4 ème Chambre civile, 8 avril 2025 — 24/04536
Texte intégral
Minute n°
RÉPUBLIQUE FRANÇAISE
TRIBUNAL JUDICIAIRE de SAINT ETIENNE
N° RG 24/04536 - N° Portalis DBYQ-W-B7I-IPHB
4ème CHAMBRE CIVILE - POLE DE LA PROTECTION
JUGEMENT DU 08 Avril 2025
COMPOSITION DU TRIBUNAL
Lors des débats et du délibéré :
Présidente : Madame Wafa SMIAI-TRABELSI, Juge chargé des contentieux de la protection assistée, pendant les débats de Madame Sophie SIMEONE, greffière ;
DEBATS : à l'audience publique du 04 Février 2025
ENTRE :
S.A. SOCIETE FRANCAISE D’HABITATIONS ECONOMIQUES dont le siège social est sis [Adresse 1]
représentée par Maître Juliette CHARBONNIER, avocate au barreau de SAINT-ETIENNE
ET :
Madame [Y] [F] épouse [O] demeurant [Adresse 2]
comparante
Monsieur [L] [O] demeurant [Adresse 2]
non comparant
JUGEMENT :
réputé contradictoire et en premier ressort, Prononcé par mise à disposition au greffe à la date du 08 Avril 2025
EXPOSE DU LITIGE
Suivant contrat signé le 12 mai 2022 prenant effet à compter du 30 mai 2022, la S.A SOCIETE FRANCAISE D'HABITATIONS ECONOMIQUES a donné à bail à Madame [Y] [F] et Monsieur [L] [O], un immeuble à usage d’habitation situé [Adresse 2], moyennant un loyer mensuel révisable de 583,61 euros outre une provision sur charge de 94,33 euros.

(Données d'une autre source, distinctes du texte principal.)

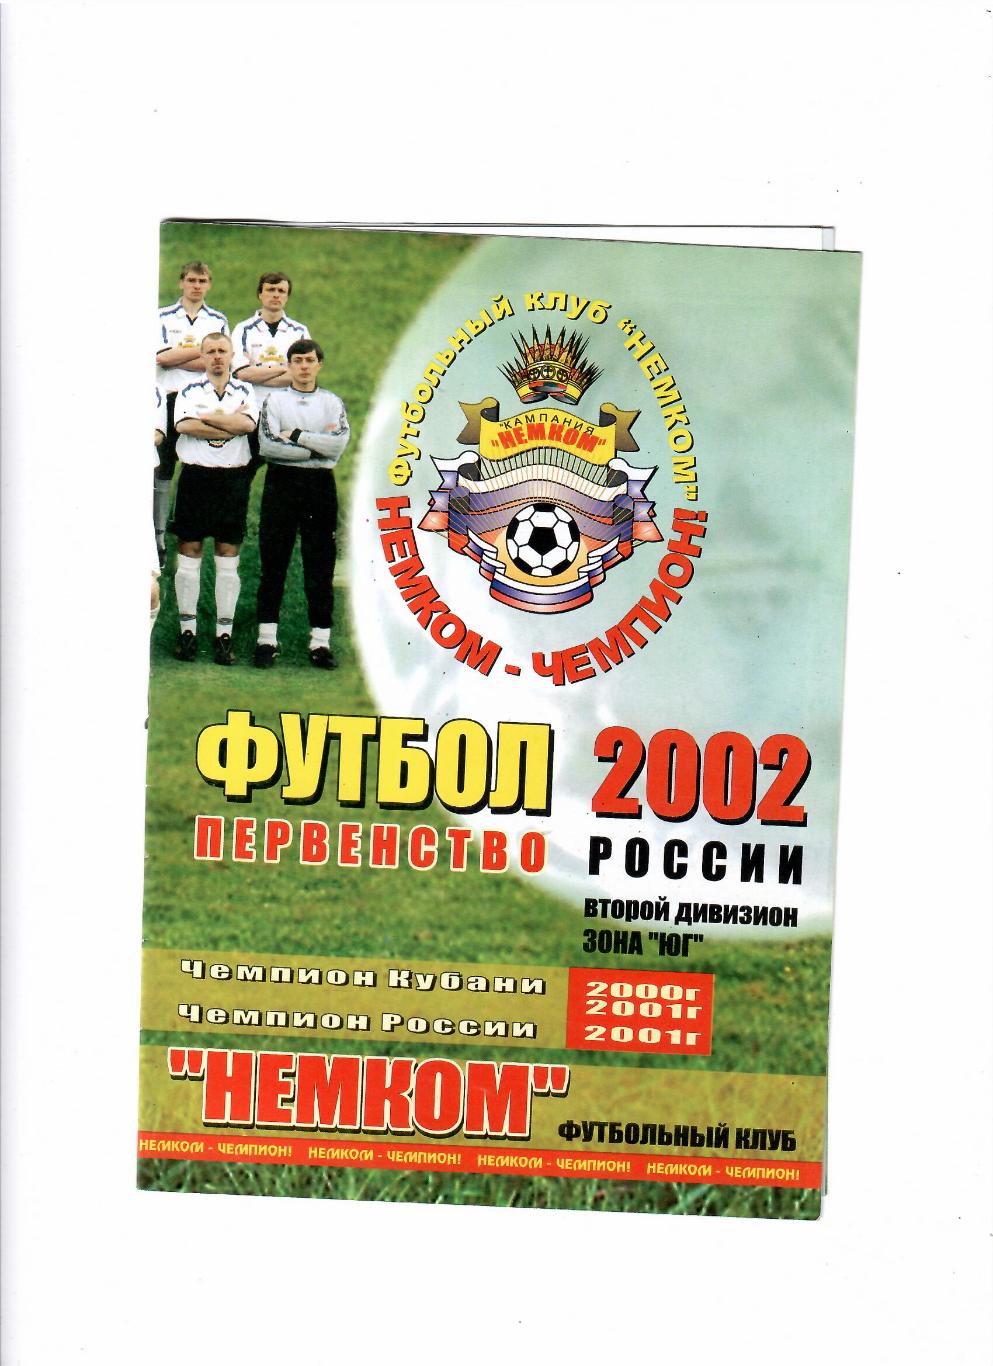 Немком Краснодар-Динамо Ставрополь 2002

La S.A SOCIETE FRANCAISE D'HABITATIONS ECONOMIQUES a fait délivrer le 7 juin 2024 à Madame [Y] [F] et Monsieur [L] [O] un commandement de payer les loyers échus pour un arriéré de 1 630,76 €.
Par courrier simple du 3 juin 2024, la S.A SOCIETE FRANCAISE D'HABITATIONS ECONOMIQUES a préalablement informé l'organisme payeur de l'aide au logement de l’existence d’impayés de loyers, cette information valant saisine de la Commission de Coordination des Actions de Prévention des Expulsions Locatives (CCAPEX).
Suivant assignation délivrée par commissaire de justice le 30 septembre 2024 et signifiée à personne pour Madame [F], et à domicile pour Monsieur [O], la S.A SOCIETE FRANCAISE D'HABITATIONS ECONOMIQUES a attrait Madame [Y] [F] et Monsieur [L] [O] devant le juge des contentieux de la protection près le tribunal judiciaire de Saint-Étienne, aux fins : - de constater la résiliation du contrat de bail pour impayés ; - d'ordonner l'expulsion de Madame [Y] [F] et Monsieur [L] [O] ; - de condamner Madame [Y] [F] et Monsieur [L] [O] au paiement des sommes suivantes : 2100,96 € euros au titre de sa créance locative arrêtée au 31 août 2024, outre intérêts au taux légal à compter du 7 juin 2024, date du commandement de payer les loyers, sur la somme de 1630.79 euros, et à compter de la décision pour le surplus ;une indemnité mensuelle d’occupation équivalente au montant du loyer plus charges dues et en subissant les augmentations légales jusqu’au départ effectif des lieux ;300,00 € au titre de l’article 700 du code de procédure civile ;des entiers dépens. La S.A SOCIETE FRANCAISE D'HABITATIONS ECONOMIQUES a notifié l’assignation à la préfecture de la [Localité 3] par lettre recommandée avec accusé de réception délivrée le 8 octobre 2024.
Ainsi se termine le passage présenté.